第26話 思いと、徐々に
何を考えているのかわからない人。
でもあまり怖くはない。
それが、私の思うルーナフェルトという人。
ルーナフェルト様、なんて呼んではいるけれど、壁は感じない。
好きか嫌いか、と言われれば好き、なんだと思う。嫌いではないから。
でも、怖いか怖くないかの二択なら怖いの方。あまり怖くないって言ったけれど、どちらか選べと言われれば怖い。あまり、っていうことは少し怖いっていうことと同じだと私は思っている。
ルーナフェルト様に恐怖を感じることは少ない。でもゼロではない。恐怖にも色々あると思う。死の恐怖とか。でもその恐怖が、どんな種類の恐怖なのか私は未だによくわかっていない。
強い人だと思う。精神面でも、戦闘面でも。
いつでも余裕があって。ダメージを受けた所を見たことがない。
強敵なんて言葉はルーナフェルト様は知らないんじゃないだろうか。圧倒的な力で、いつでも戦闘は一瞬だ。
その力が私に向けられたら、と考えたことがなかったわけではない。たぶん向けられることはないと思う。思いたい。
目的があるとか言っていたけど、何をやりたいのかはわからない。教えてくれない。

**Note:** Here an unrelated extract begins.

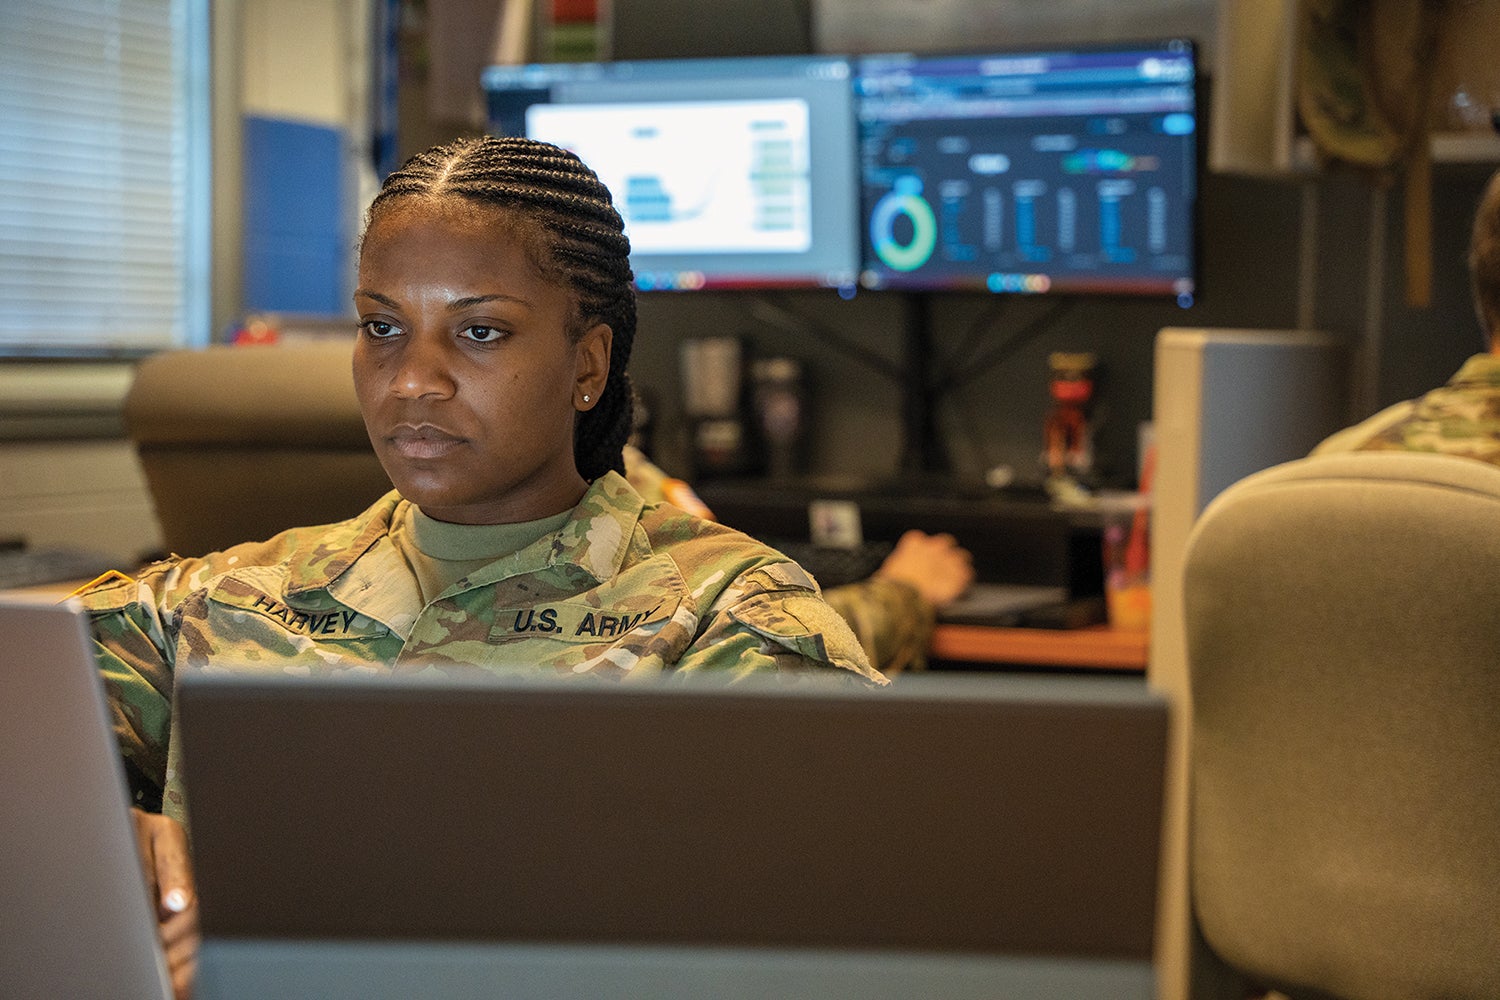 First Lt. Briana Harvey, of the Maryland Army National Guard, monitors network activity during a cyber exercise at the Laurel Readiness Center, Maryland. (Credit: Army National Guard/Sgt. Tom Lamb)

知ると色々怖いことになりそうだから知りたいわけではないけど。
この前は人をトランクに詰めて運んでたし。
刺激がどうこう言ってたし、私に知られたくなかったらしいけど、どうせ会うことになるなら普通に運ぶべきだった思う。何を思えばトランクに人を詰め込むなんて考えが浮かぶんだろうか。あんな狭い所に詰め込まれたら、動けないし暗いしで私なら普通ではいられない。
そんな人と旅というか人探しというか、よくわからないことをしている私はだいぶおかしいと思う。
人探しは、ルーナフェルト様の方が先に終わってしまった。
そこでルーナフェルト様とは別れると思っていた。ルーナフェルト様のことが終われば私を連れて行く意味はないから。
だけど、ルーナフェルト様は私の人探しも手伝ってくれると言った。
まだすることは終わっていないからだと言っていたけど、それ以外に少しでも私を考えてくれていたなら嬉しい。
でもこんな酷いことをする人だとは思わなかった。
最初にレノさんを見た時は、びっくりした。首から下全てが黒い文様で覆われていて、痩せ細っていて、とても顔色が悪くて。ルーナフェルト様が何となく見つけた病人かと思った。
でも聞けば勇者の仲間で、姉さんを知る人。
そんな人がこんなになることなんてあるのか?偽者なんじゃ?と疑ったけど、話をする内に本物だとわかった。ルーナフェルト様が治療するのかと思っていたけど、ルーナフェルト様はやりたくないと言う。だから私がすることになった。
レノさんの体はボロボロで、外の負傷はないみたいだけど中身が酷いことになっていた。
何かの呪いかな。
かわいそうだと思ったのは、魔法が使えないこと。ううん、使えなくさせられていたこと。魔法を使うのに大切なものが、故意にぐっちゃぐちゃに壊されていた。もうこれでは一生レノさんは魔法を使えるようになることはない。
しかもこれはルーナフェルト様がやったらしい。どうしてこんなことしたんだろう。
治療を進めていけば、レノさんの体の状態を細かく知ることができる。レノさんは、何かの呪いで体の中身を傷つけられていて、精神的なダメージも受けている。本人は何も思っていないみたいだけど、この呪いはずっと継続してる。そして、体にあるこの魔紋。見ているだけで気持ち悪くなる。こんなものが直に体に刻印されているレノさんにはもっと凄い負荷があるはずなのだけど、これも本人は感じていないらしい。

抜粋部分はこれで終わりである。